Tonight my wife and another couple went to Bistro Blanc (north of DC) to celebrate my 60th birthday. I had heard good things about it and wanted to go somewhere that had a KKF member as chef to make it a bit more personal. I had PMed Chef Janny about coming and he was very welcoming. Well, the restaurant, food and especially Janny were all wonderful. He came out early on to meet us and I was surprised by how young he was and it was a thrill to meet my first forum member in person. It's nice to know you guys aren't all axe murderers. :lol2:

Janny was very generous, sending out little surprises for us throughout the meal. Had my first raw oyster as a shooter with blood Orange and other ingredients. Very refreshing. My main course was red snapper that included two of my favorite spring ingredients - morels and ramps. It was all excellent, as was everyone else's food.

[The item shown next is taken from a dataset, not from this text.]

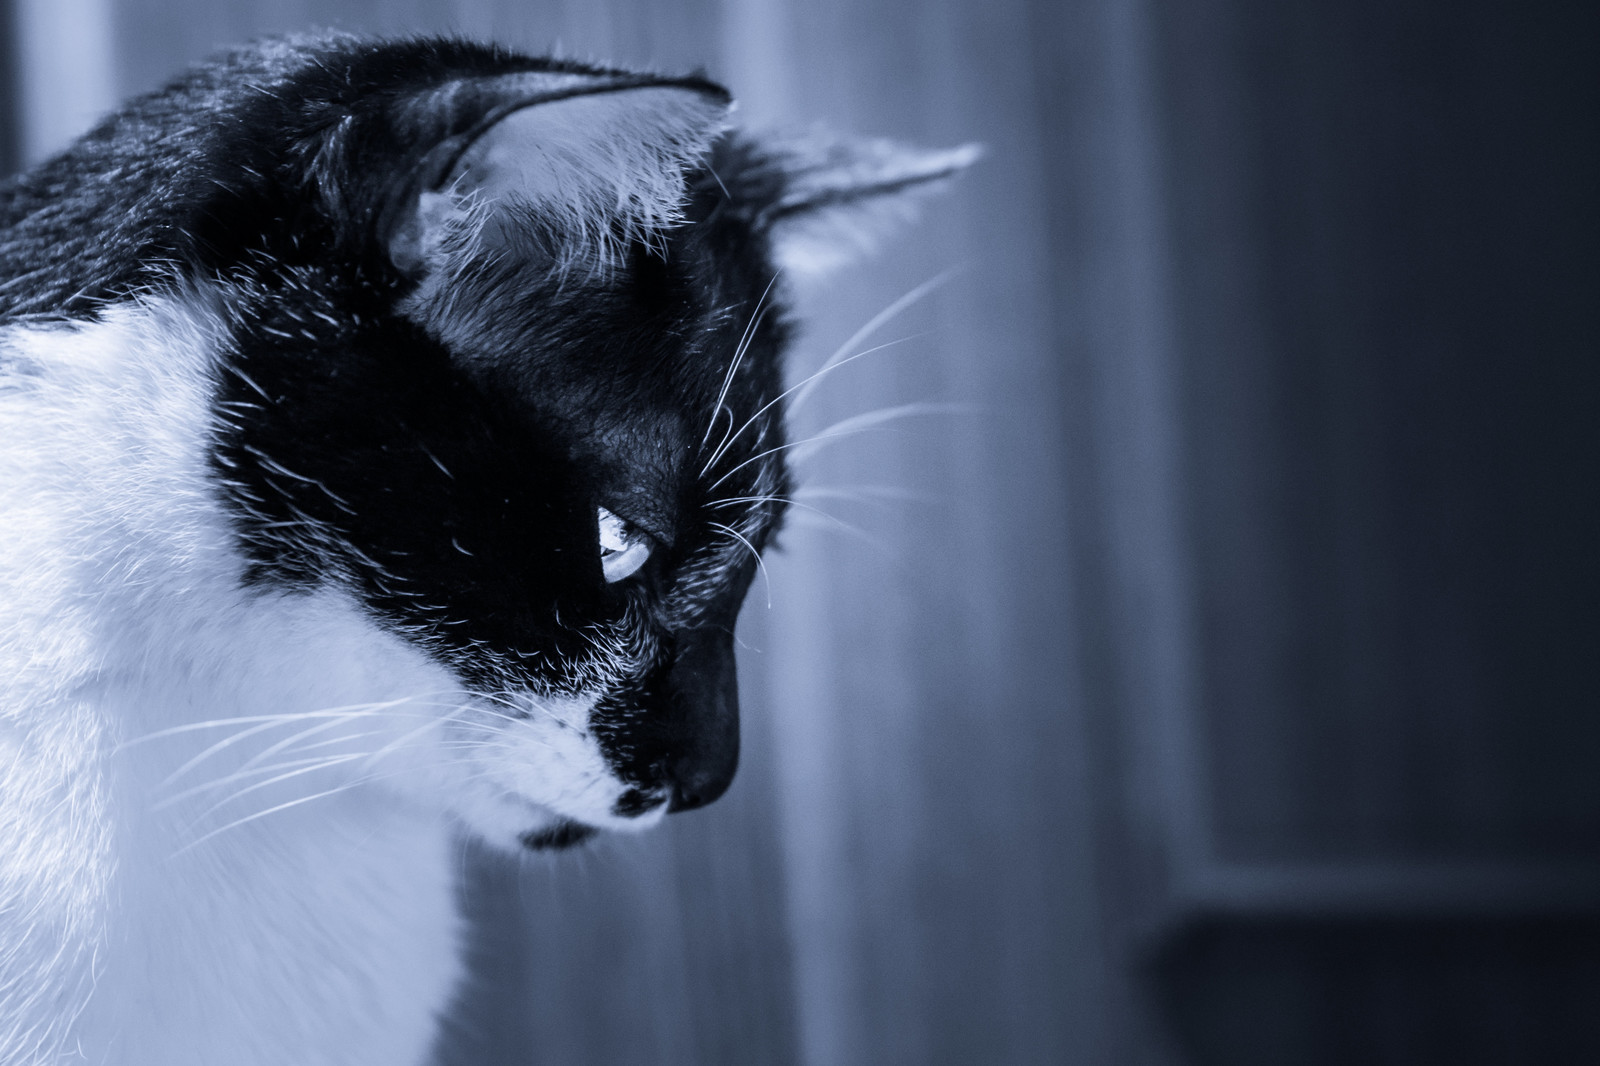 「残念にうつむくネコ」の写真

I had brought a couple of knives for show and tell, but the kitchen was just too busy by the end of our meal to take Janny away from his work. Maybe another time. I hope our server conveyed to you, Janny, how truly appreciative we were of everything. It was a very memorable evening.


----------



## WildBoar (Apr 25, 2015)

That's great! He and Marc served up a memorable dinner there for me and a handful of car club friends about 1-1/2 years ago. I know they didn't miss a beat when Marc moved to a place in Fells Point, although it's likely 420 has to put in even more hours than before. Great ingredients well-prepared, with some nice 'treats' thrown in here and there. Definitely a place to frequent if you live close to Columbia.


----------



## marc4pt0 (Apr 25, 2015)

Very nice! I'm more than thrilled to admit I'm Janny's biggest fan, glad to here his fan club is growing!


----------



## 420layersofdank (Apr 26, 2015)

Adirondack!! Check ur inbox! 
Wow you guys are too flattering!! I really have to say that without Marcs humble structure of guidance and patience, I would probably not live to cook and cook to live. And hAve you seen his WHOLE knife collection? Enough said, I love you Marc Dixon. Let's just say If I was Bruce jenner, I would Tear Dat ass up !!!!


----------



## cheflarge (Apr 26, 2015)

LMFAO :bliss: :doublethumbsup: :O  :lol2:


----------